Brief
Reproduce the entries from their first line up to and including the line with "Galaxy S7 Case,3Cworld". Leave out everything after it.

- - -

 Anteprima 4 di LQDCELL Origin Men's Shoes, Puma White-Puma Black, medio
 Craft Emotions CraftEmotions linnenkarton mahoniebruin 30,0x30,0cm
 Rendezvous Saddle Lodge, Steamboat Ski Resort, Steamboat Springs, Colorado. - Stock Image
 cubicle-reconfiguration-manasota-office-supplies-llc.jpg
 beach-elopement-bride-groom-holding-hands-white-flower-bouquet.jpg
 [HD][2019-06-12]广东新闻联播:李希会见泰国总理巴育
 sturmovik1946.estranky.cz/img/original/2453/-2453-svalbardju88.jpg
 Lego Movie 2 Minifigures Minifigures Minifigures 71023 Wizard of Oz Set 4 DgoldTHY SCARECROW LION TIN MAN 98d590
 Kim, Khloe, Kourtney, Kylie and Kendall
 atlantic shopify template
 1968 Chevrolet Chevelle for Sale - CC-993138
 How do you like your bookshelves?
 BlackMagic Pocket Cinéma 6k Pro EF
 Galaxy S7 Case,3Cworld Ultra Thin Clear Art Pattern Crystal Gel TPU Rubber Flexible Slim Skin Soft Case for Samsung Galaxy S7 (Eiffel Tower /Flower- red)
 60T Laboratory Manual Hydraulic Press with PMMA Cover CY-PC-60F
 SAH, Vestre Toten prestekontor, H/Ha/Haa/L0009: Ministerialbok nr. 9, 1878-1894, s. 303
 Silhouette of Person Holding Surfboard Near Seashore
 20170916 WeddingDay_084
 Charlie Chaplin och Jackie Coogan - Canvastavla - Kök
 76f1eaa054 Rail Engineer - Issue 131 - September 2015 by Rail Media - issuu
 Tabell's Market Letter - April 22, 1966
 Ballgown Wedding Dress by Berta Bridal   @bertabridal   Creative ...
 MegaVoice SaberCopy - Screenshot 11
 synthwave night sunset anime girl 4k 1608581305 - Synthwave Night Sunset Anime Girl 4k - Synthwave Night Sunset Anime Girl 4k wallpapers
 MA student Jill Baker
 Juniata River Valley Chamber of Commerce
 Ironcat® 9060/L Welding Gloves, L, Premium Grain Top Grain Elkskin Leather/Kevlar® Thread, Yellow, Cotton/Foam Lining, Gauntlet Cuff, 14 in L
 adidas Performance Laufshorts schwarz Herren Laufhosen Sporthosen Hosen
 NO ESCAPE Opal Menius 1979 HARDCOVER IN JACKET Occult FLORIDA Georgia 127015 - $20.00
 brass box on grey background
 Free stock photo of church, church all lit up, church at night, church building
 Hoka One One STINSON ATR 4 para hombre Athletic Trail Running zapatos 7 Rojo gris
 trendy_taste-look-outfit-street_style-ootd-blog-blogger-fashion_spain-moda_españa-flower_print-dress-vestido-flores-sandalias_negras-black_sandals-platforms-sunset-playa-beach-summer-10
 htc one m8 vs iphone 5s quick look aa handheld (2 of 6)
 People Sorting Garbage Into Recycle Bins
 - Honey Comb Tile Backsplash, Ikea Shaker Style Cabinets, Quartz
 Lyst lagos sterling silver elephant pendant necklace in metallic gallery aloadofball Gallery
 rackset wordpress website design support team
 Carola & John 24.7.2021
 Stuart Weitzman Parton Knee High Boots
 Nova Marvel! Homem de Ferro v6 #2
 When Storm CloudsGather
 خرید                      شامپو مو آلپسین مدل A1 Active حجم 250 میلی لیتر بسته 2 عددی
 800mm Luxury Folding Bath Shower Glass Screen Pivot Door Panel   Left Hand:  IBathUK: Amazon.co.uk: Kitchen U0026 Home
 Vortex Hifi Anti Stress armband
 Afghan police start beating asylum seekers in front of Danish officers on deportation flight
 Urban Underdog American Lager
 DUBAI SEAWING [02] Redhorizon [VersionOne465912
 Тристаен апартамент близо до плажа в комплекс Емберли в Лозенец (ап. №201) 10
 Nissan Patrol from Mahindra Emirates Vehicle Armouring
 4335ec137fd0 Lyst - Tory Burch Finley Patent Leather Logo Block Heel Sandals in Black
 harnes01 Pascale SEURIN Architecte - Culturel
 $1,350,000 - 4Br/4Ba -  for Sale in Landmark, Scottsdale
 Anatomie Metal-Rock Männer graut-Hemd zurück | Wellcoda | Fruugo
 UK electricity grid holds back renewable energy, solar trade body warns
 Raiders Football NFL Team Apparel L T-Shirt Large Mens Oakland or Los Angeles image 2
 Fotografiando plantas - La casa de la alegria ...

- - -

Written answer
 Anteprima 4 di LQDCELL Origin Men's Shoes, Puma White-Puma Black, medio
 Craft Emotions CraftEmotions linnenkarton mahoniebruin 30,0x30,0cm
 Rendezvous Saddle Lodge, Steamboat Ski Resort, Steamboat Springs, Colorado. - Stock Image
 cubicle-reconfiguration-manasota-office-supplies-llc.jpg
 beach-elopement-bride-groom-holding-hands-white-flower-bouquet.jpg
 [HD][2019-06-12]广东新闻联播:李希会见泰国总理巴育
 sturmovik1946.estranky.cz/img/original/2453/-2453-svalbardju88.jpg
 Lego Movie 2 Minifigures Minifigures Minifigures 71023 Wizard of Oz Set 4 DgoldTHY SCARECROW LION TIN MAN 98d590
 Kim, Khloe, Kourtney, Kylie and Kendall
 atlantic shopify template
 1968 Chevrolet Chevelle for Sale - CC-993138
 How do you like your bookshelves?
 BlackMagic Pocket Cinéma 6k Pro EF
 Galaxy S7 Case,3Cworld Ultra Thin Clear Art Pattern Crystal Gel TPU Rubber Flexible Slim Skin Soft Case for Samsung Galaxy S7 (Eiffel Tower /Flower- red)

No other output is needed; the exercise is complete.